Enterprise Architecture is about the ‘landscape’ of your organisation. A landscape of humans and IT and the behaviour of both. These landscapes have become very complex. In itself that complexity and the problems it brings has led to many efforts at standardisation and rationalisation — often seen as a key aspect of Enterprise Architecture. Not too many brands of an operating system, for instance. Not six different operating systems, but two. Not five different workflow engines, but one. Not too many different networking or computing technologies. Less is better.
Gerben Wierda, Team Coordinator Architecture & Design, APG
Gerben will be speaking at IRM UK’s Enterprise Architecture & Business Process Management Conference Europe 21-24 October 2019, London where he will be presenting a half day workshop on ‘Setting up Effective Architecture Governance Without a Formal EA Framework‘
This article was previously published here.

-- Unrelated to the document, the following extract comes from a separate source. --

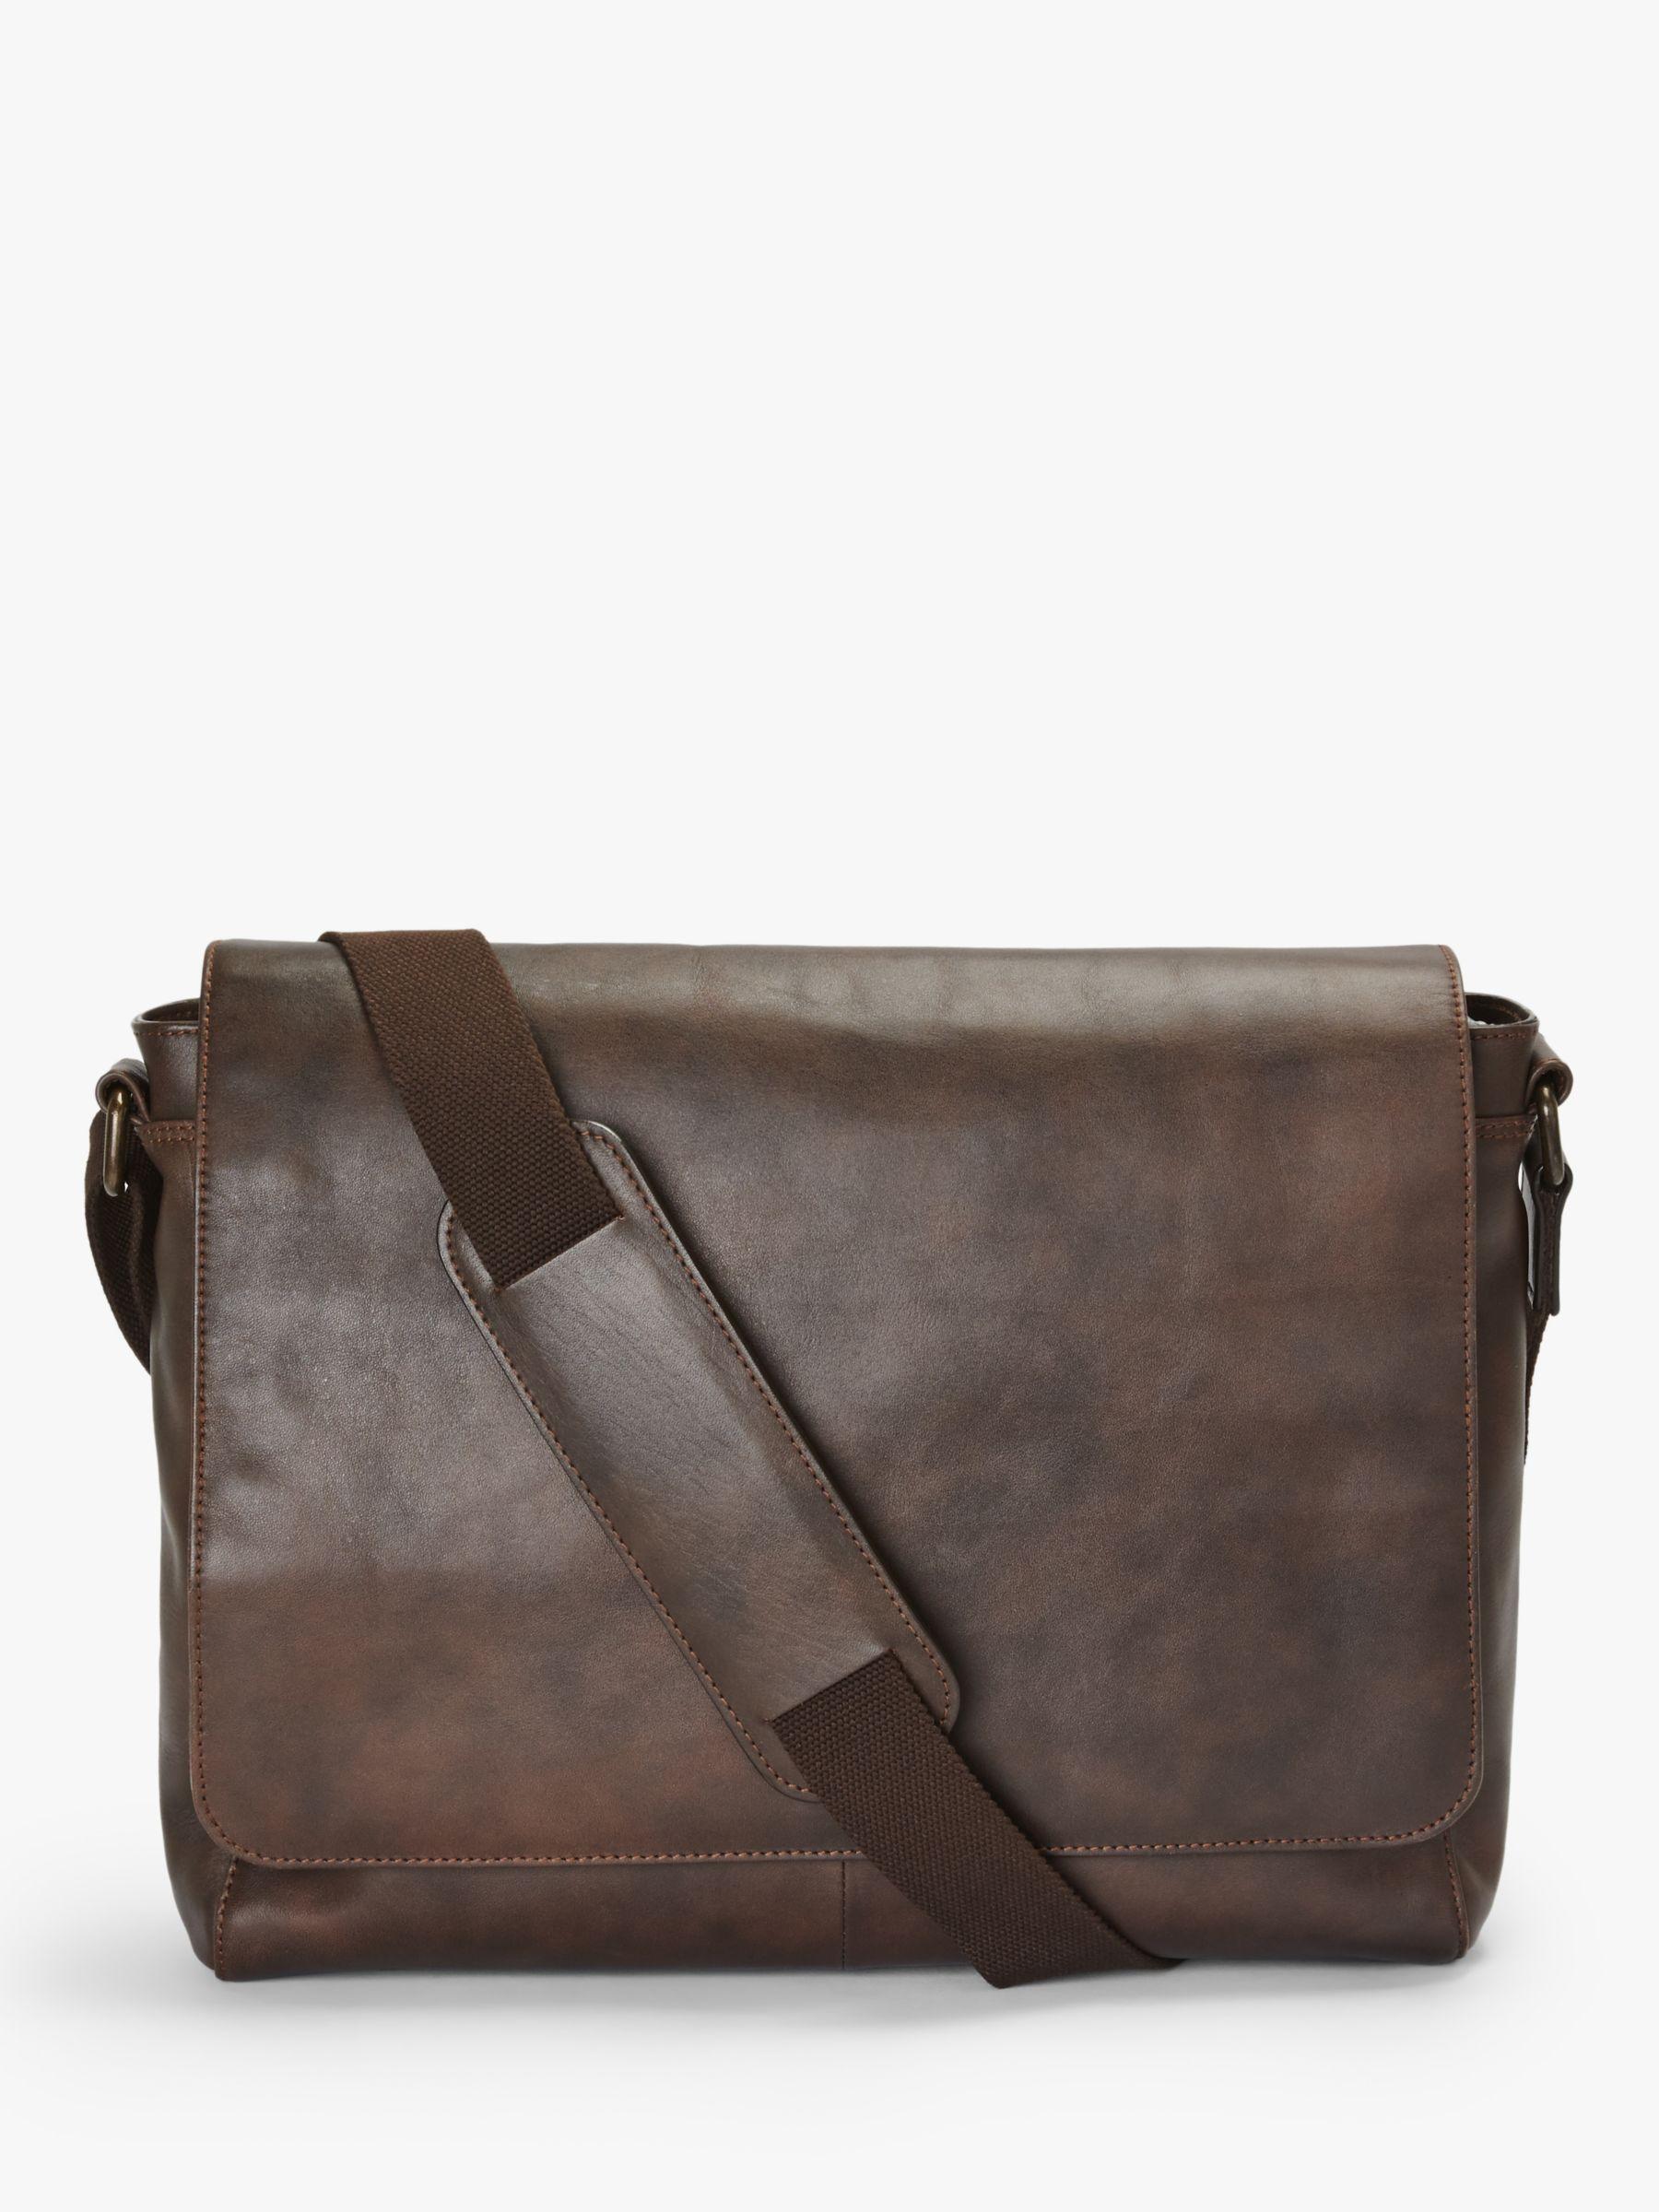 c31ea93ef3e John Lewis & Partners Edinburgh Leather Messenger Bag, Brown

Even when you are standardised, an additional complexity comes from the Lifecycles of IT. Putting IT in — any IT, even standardised — doesn’t mean you are done. For software this is the most obvious: new versions are released on a regular basis. There are many reasons for new versions, a very important reason are fixes of bugs, both in terms of the primary function, but also for for instance in terms of stability or security. Platforms that are used to run applications get updated all the time with security and other fixes. And then there is a constant stream of new functionality, which in itself also means new functionality that can have bugs.
Having old IT in your landscape is generally not a good thing. Old stuff is one of the most important sources of security problems. If your landscape still contains Flash, very old Java or dotNet versions, outdated operating systems, it is very likely not that secure. Old stuff often doesn’t work well with new stuff and complicated, brittle, and costly workarounds may be required.
Companies are aware that they have to manage the systems and make sure that they are up-to-date. This is Lifecycle Management (LCM). LCM also takes place with IT hardware, by the way. Hardware also gets old. It wears. It can fail. Hardware has a lifetime of a few to maybe ten years, generally three to five. And when you replace it, you generally cannot replace it with exactly the same as it is not for sale anymore. Technology has moved on. New versions and products are forced into your landscape, even if you do not have new demands (but generally, you have).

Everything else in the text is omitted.